*INSTRUCTIONS TO FOLLOW:*
Transcribe every line of the material below without change, apart from dropping the pictures.

Segment Start: DATA BELOW

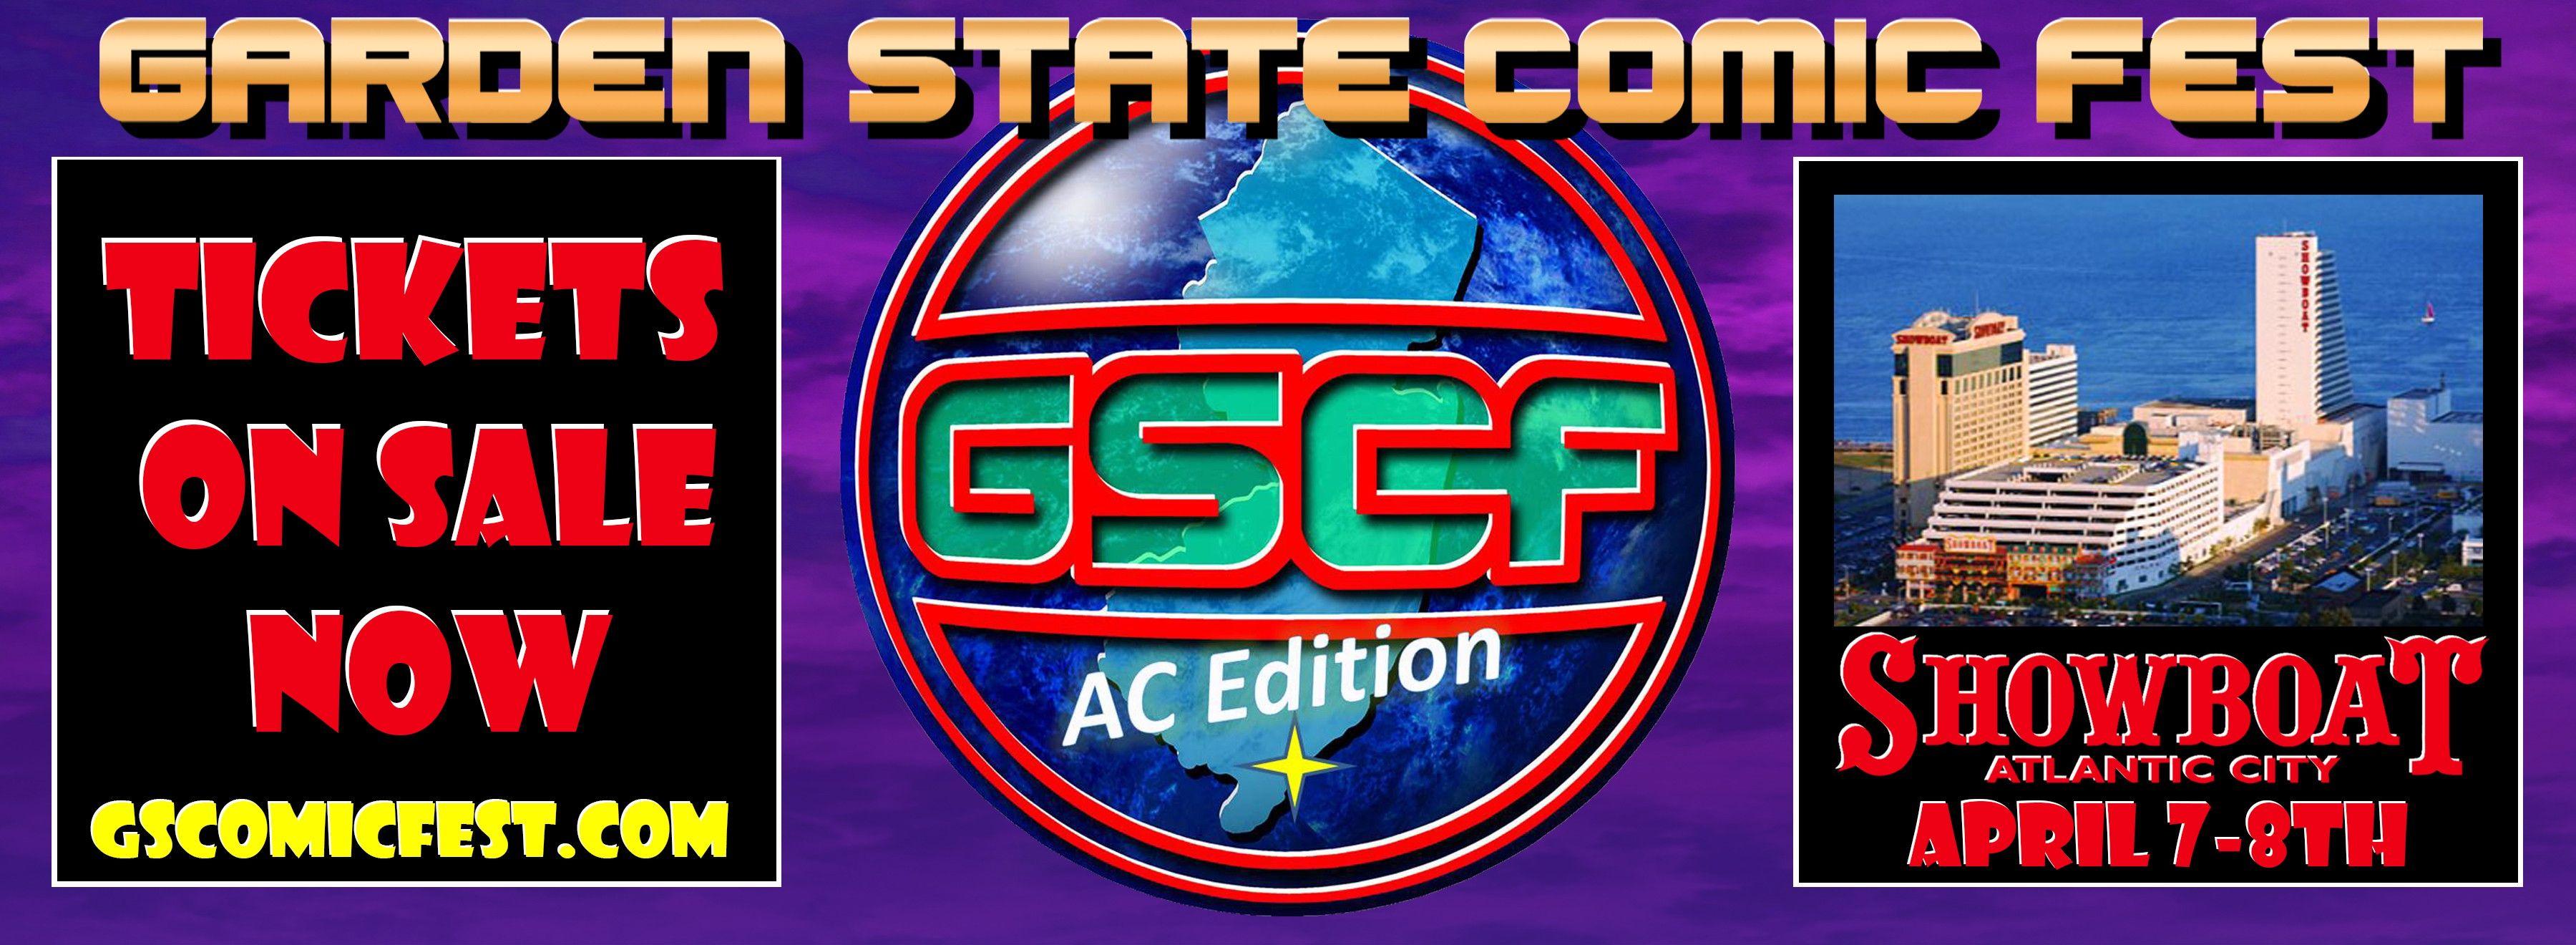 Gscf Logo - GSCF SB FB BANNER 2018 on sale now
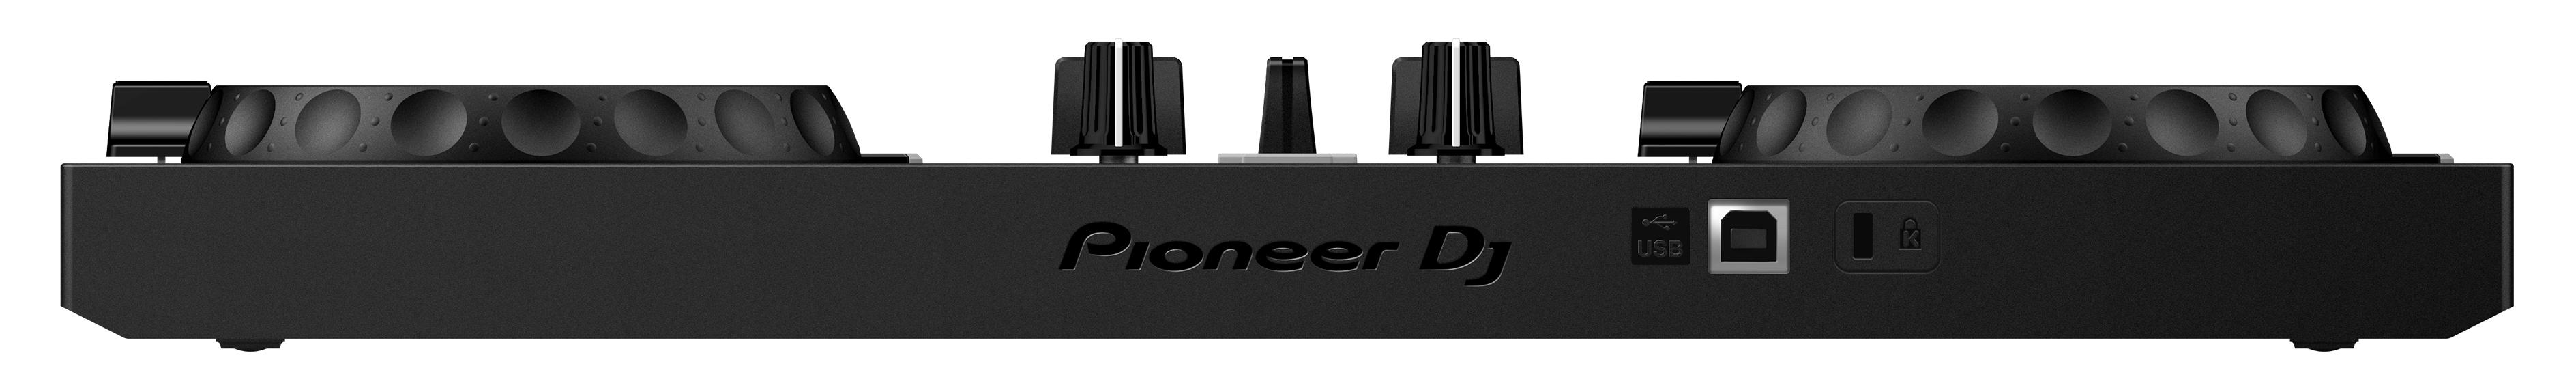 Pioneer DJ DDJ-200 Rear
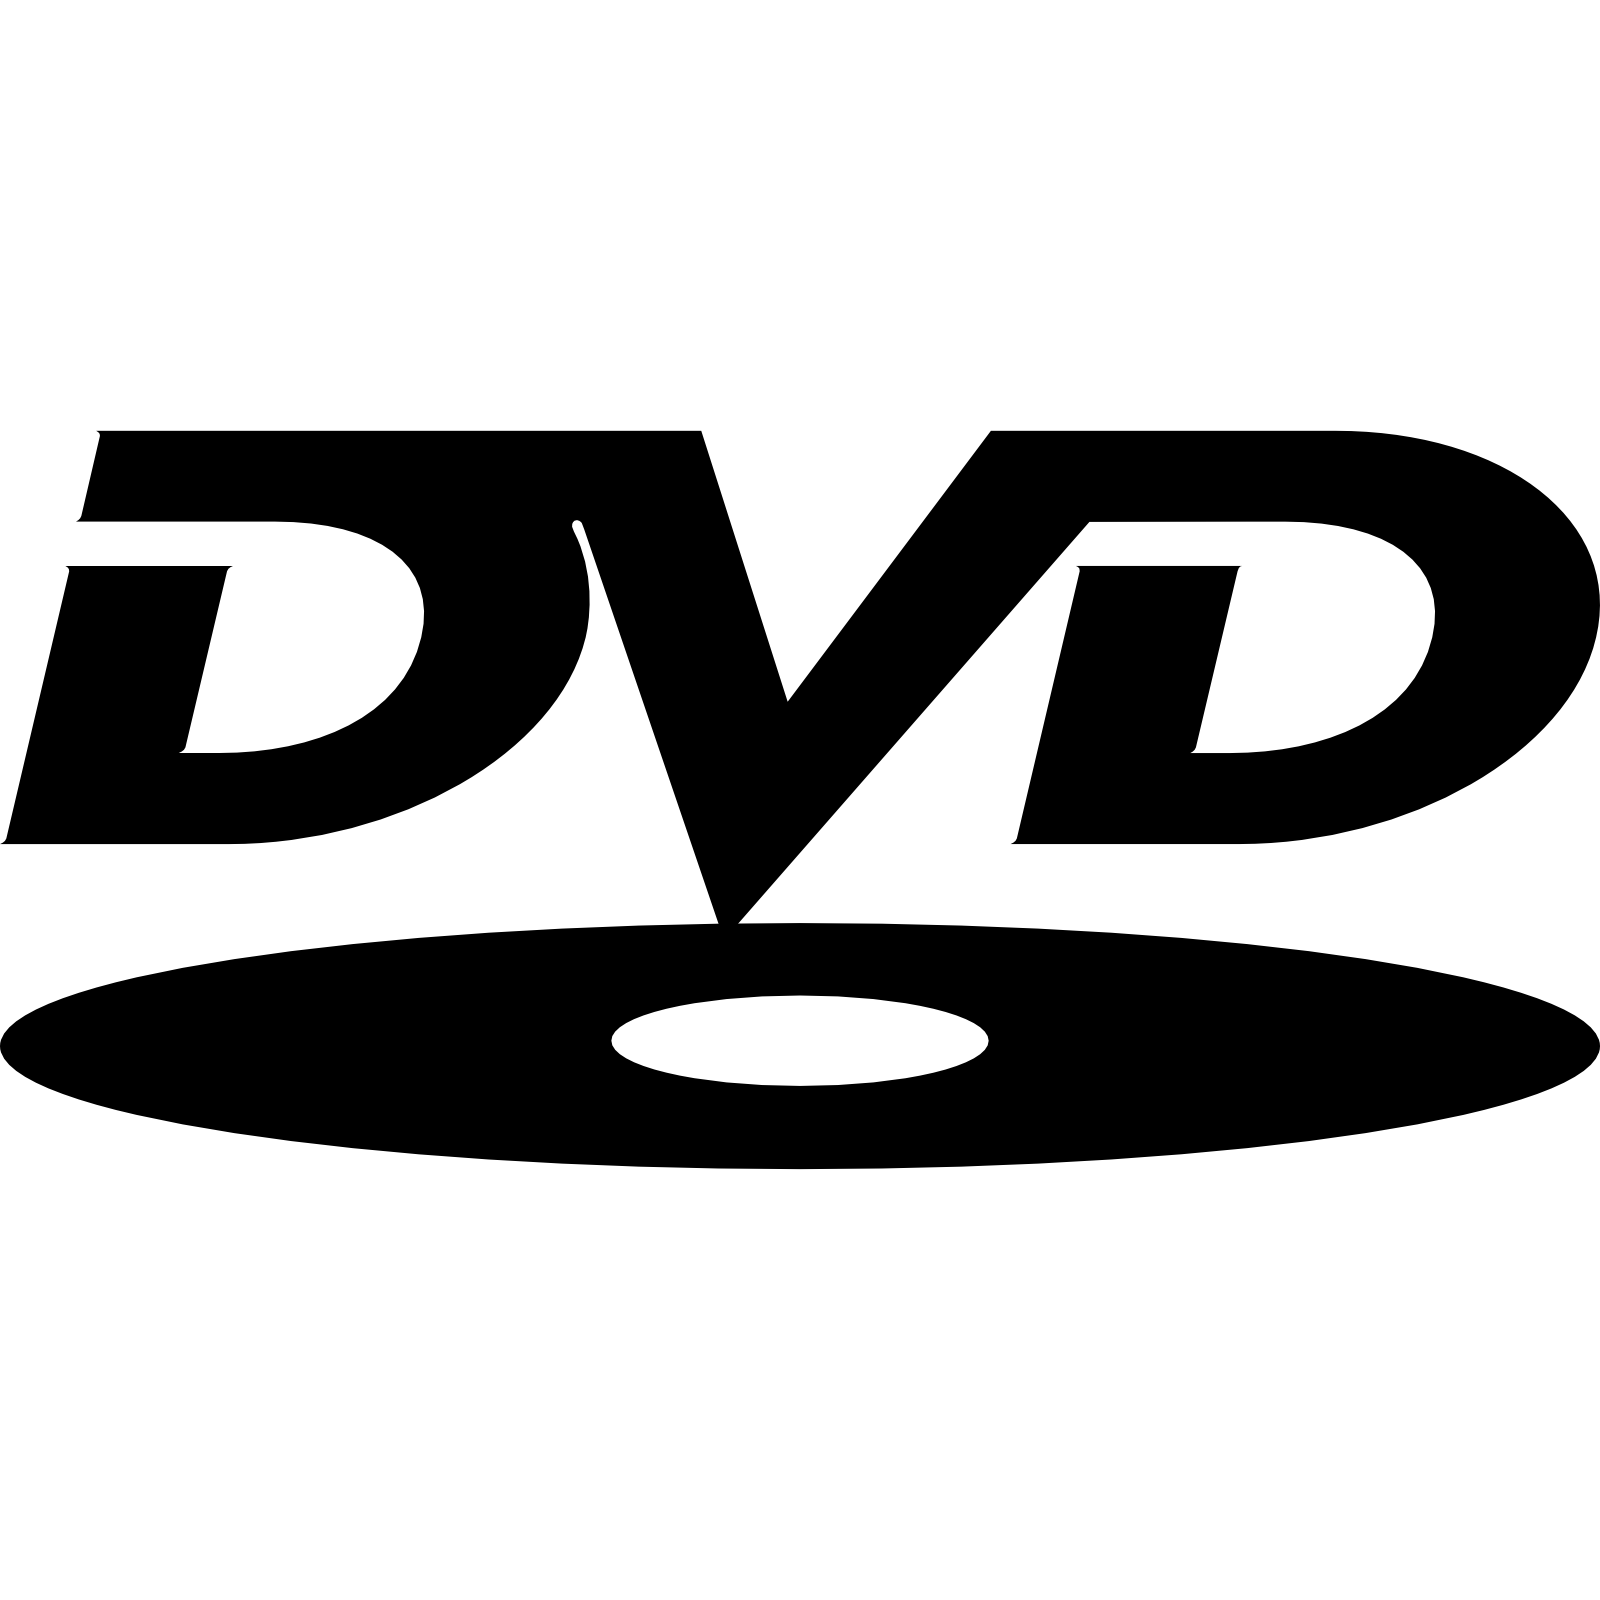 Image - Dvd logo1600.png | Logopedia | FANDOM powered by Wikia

Segment End: DATA BELOW

*RESPONSE TO THIS TASK:*
 Gscf Logo - GSCF SB FB BANNER 2018 on sale now
 Pioneer DJ DDJ-200 Rear
 Image - Dvd logo1600.png | Logopedia | FANDOM powered by Wikia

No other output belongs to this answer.